Above-mentioned example can't conflict, and change an example here:
Such as original content of text is: Jiangsu Province Gulou District
It is understood that Gulou District has 4, and there are Gulou District in the Nanjing in Jiangsu and Xuzhou City
And press the algorithm of the 6th step
320106 Gulou Districts (this is the Gulou District of Nanjing)
320302 Gulou Districts (this is the Gulou District of Xuzhou City of Jiangsu Province)
Full marks 100 will be taken, but we have found it to be repeated.At this time this Gulou District is that have ambiguity to this explanation 's.
(small step C) all candidate item matching degrees relevant with Gulou District are all set to 0 by we at this time
Then, we, which resequence, continues since small step A.
It was found that coming only one Jiangsu Province of foremost, there are one not high matching degrees.It does not repeat, stops checking
Return to the code name in Jiangsu Province.Returning to 320000 Jiangsu Province's matching degrees according to calculation formula is 34
Make an exception (one) small step B
If full score when be all set to 0 will forced interruption inspection, it is random to return to one as a result, score is 0。
Make an exception (two) small step 4 B
If first as second score, but they have inclusion relation, not zero setting.Such as Hunan is long It is husky.
There is a Changsha County in Changsha.We obtain result only before the lesser raising of range.It is characterized in two Code has inclusion relation
430100 Changshas, Changsha
430121 Changsha Counties, Changsha
7th step provides matching degree threshold values, can be minimum and is also possible to peak.
Determine how to determine matching degree threshold values according to business need using the high further device of the device
It is all calculated if at will recognized, it is 0 that minimum, which is just arranged, in that, is all recognized as long as returning the result.

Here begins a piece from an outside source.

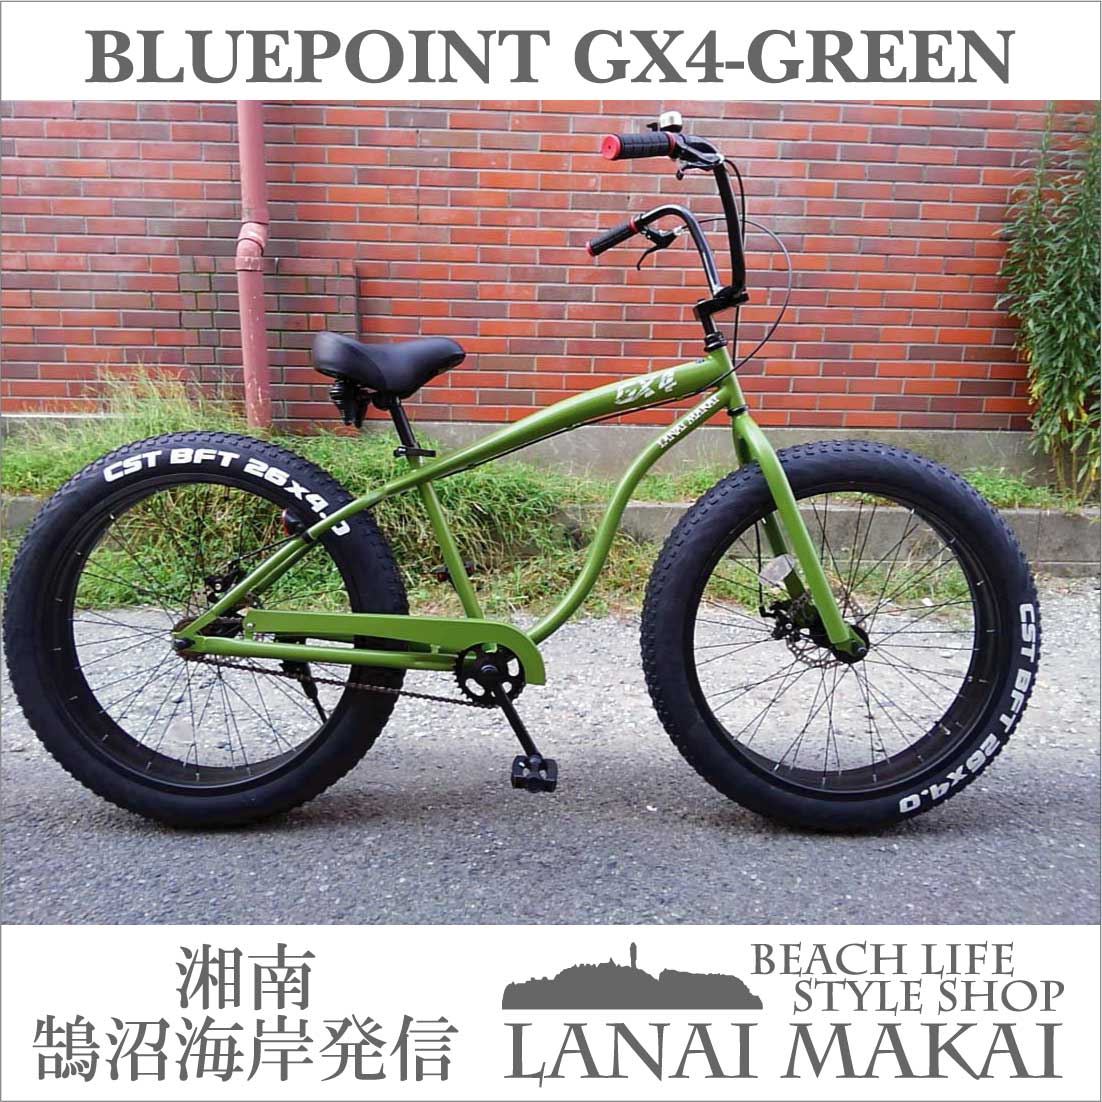 "【BLUEPOINT】""GX4-BeachCruiser-FATBIKE""color:グリーン湘南鵠沼海岸発信26インチビーチクルーザーファットバイク自転車 ファットバイク ビーチクルーザー 極太"

If being not desired to receive as result so score of Jiangsu Province Gulou District has to be larger than 34
If it is desired to receiving the fault-tolerant as a result, so score is necessarily less than equal to 34 of Fujian Province's Huzhou City Cangshan District
If it is desired to the result so score for receiving Fuzhou City, Fujian Province Gulou District Shanghai street 102 is necessarily less than equal to 84
It is just calculated if must accurately match, score is directly limited to 100
According to the result set of return and the matching degree threshold values defined, the matching degree for returning the result concentration is greater than or equal to this A matching degree threshold values.
We, which set to return the result, in this example is greater than 80, i.e. threshold values setting minimum is 80.

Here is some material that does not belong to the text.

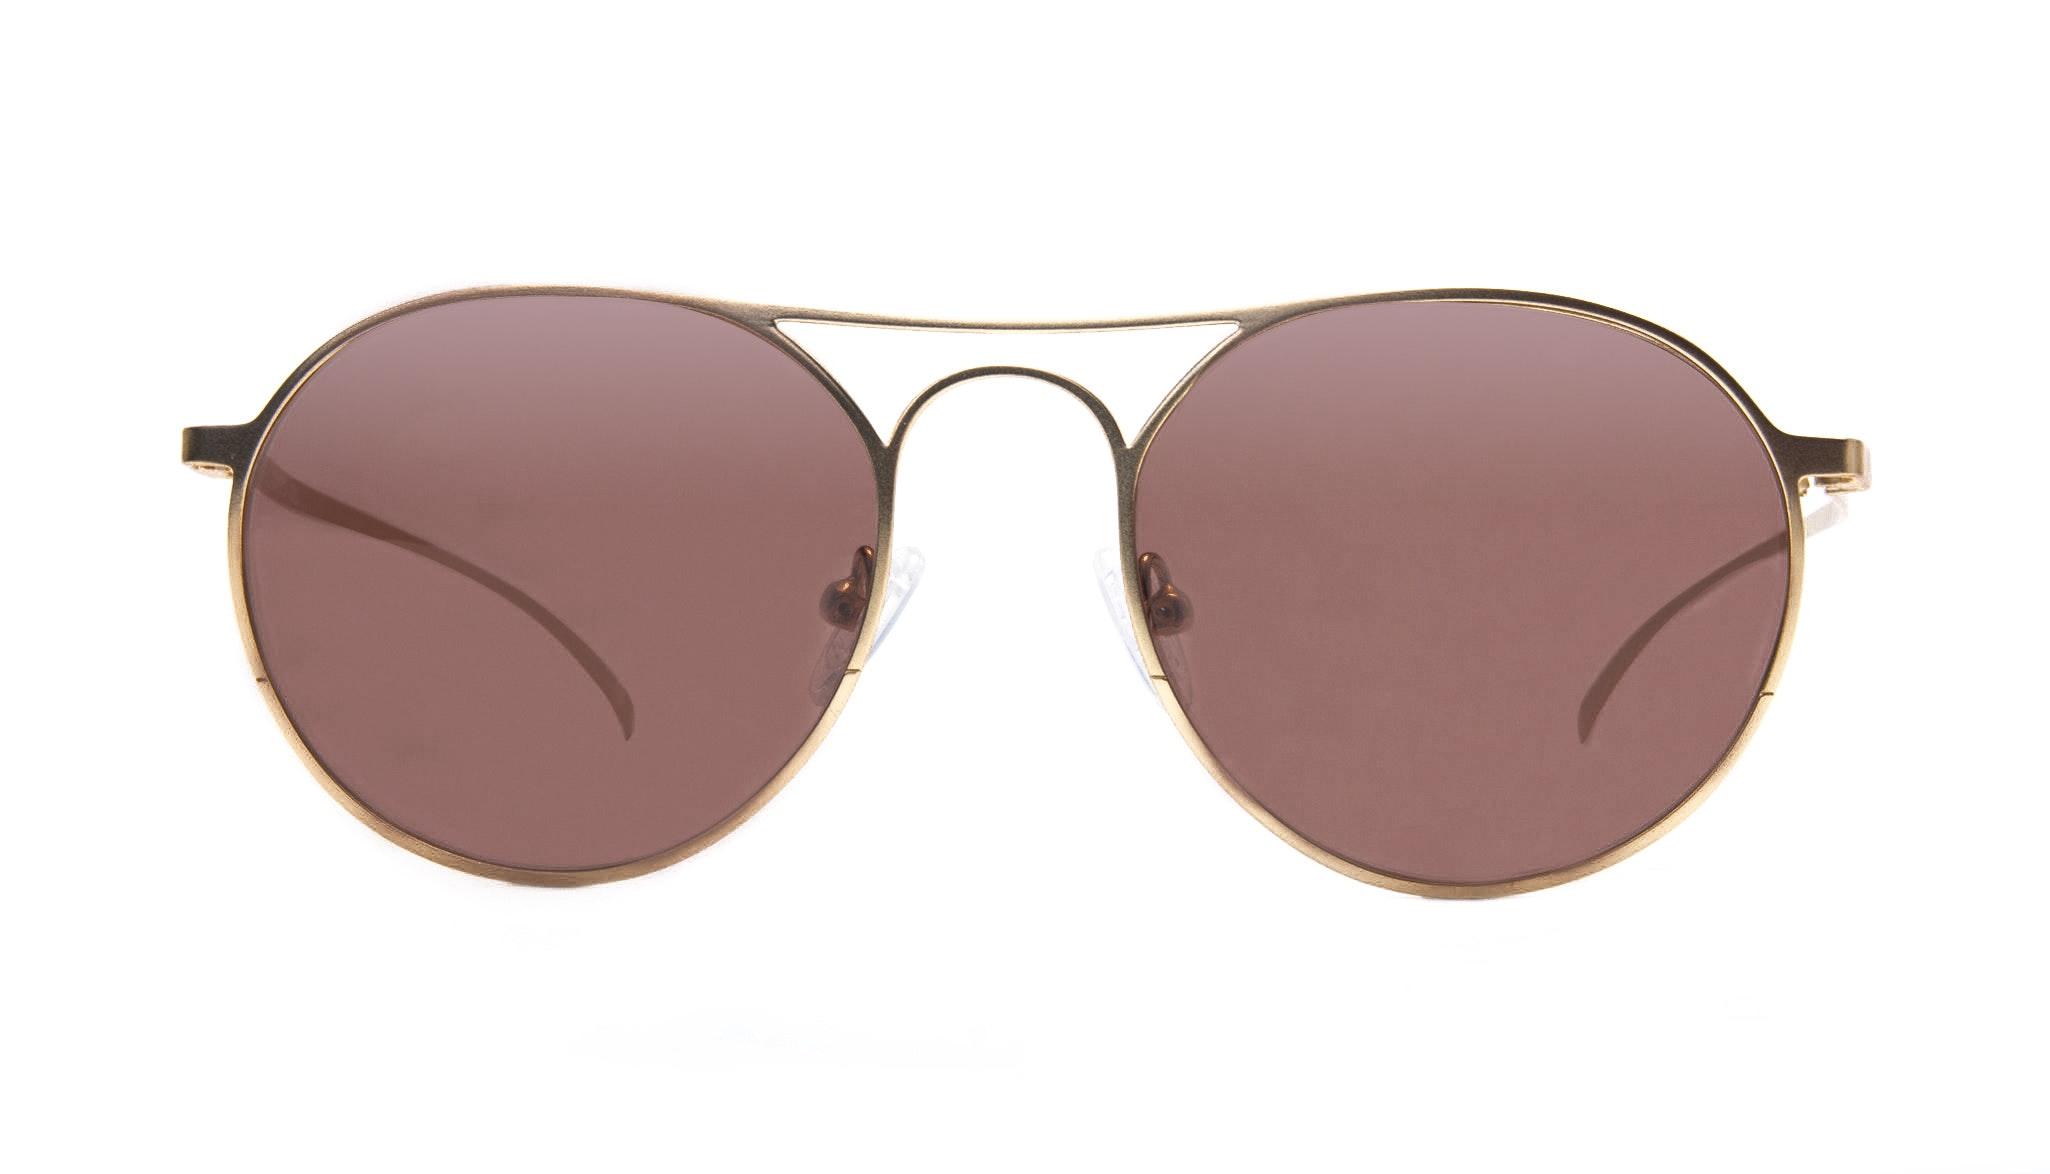 Affordable Fashion Glasses Aviator Round Sunglasses Men Contour Gold

8th step iteration candidate item judge whether the matching degree of each candidate item meets the requirements, and meets the requirements, and adds It is undesirable directly to remove this candidate item into result set.
Such as:
350102 Gulou District 84 of candidate item, matching degree meets for 84 returns the result the requirement for being greater than 80, therefore is added to knot Fruit is concentrated.
350100 Fuzhou City 62 of candidate item, matching degree do not meet for 62 and return the result the requirement for being greater than 80, therefore reject.
9th step returns to result set (including option code value, option text and matching degree).
Only one for meeting threshold values in this example returns to the code value, option text and matching degree of the option, as follows:
350102 Gulou Districts 84.
The above-mentioned steps intelligent recognition that just completes hierarchical information in this way.
In the embodiment shown in fig. 3, a kind of hierarchical information intelligent identification device, including receiving module 300, pass are disclosed Key word computing module 302, candidate item matching module 304, sorting module 306,
The receiving module 300 is for receiving character string to be identified;
The keyword computing module 302 is used to be calculated the keyword of the character string according to character string to be identified;
The candidate item matching module 304 is used to obtain corresponding candidate item according to the keyword of the character string, calculates every The matching degree of a candidate item;
The sorting module 306 is used to for character string to be identified being ranked up according to the matching degree height being calculated.On It states apparatus module setting and has achieved the effect that hierarchical information intelligent recognition.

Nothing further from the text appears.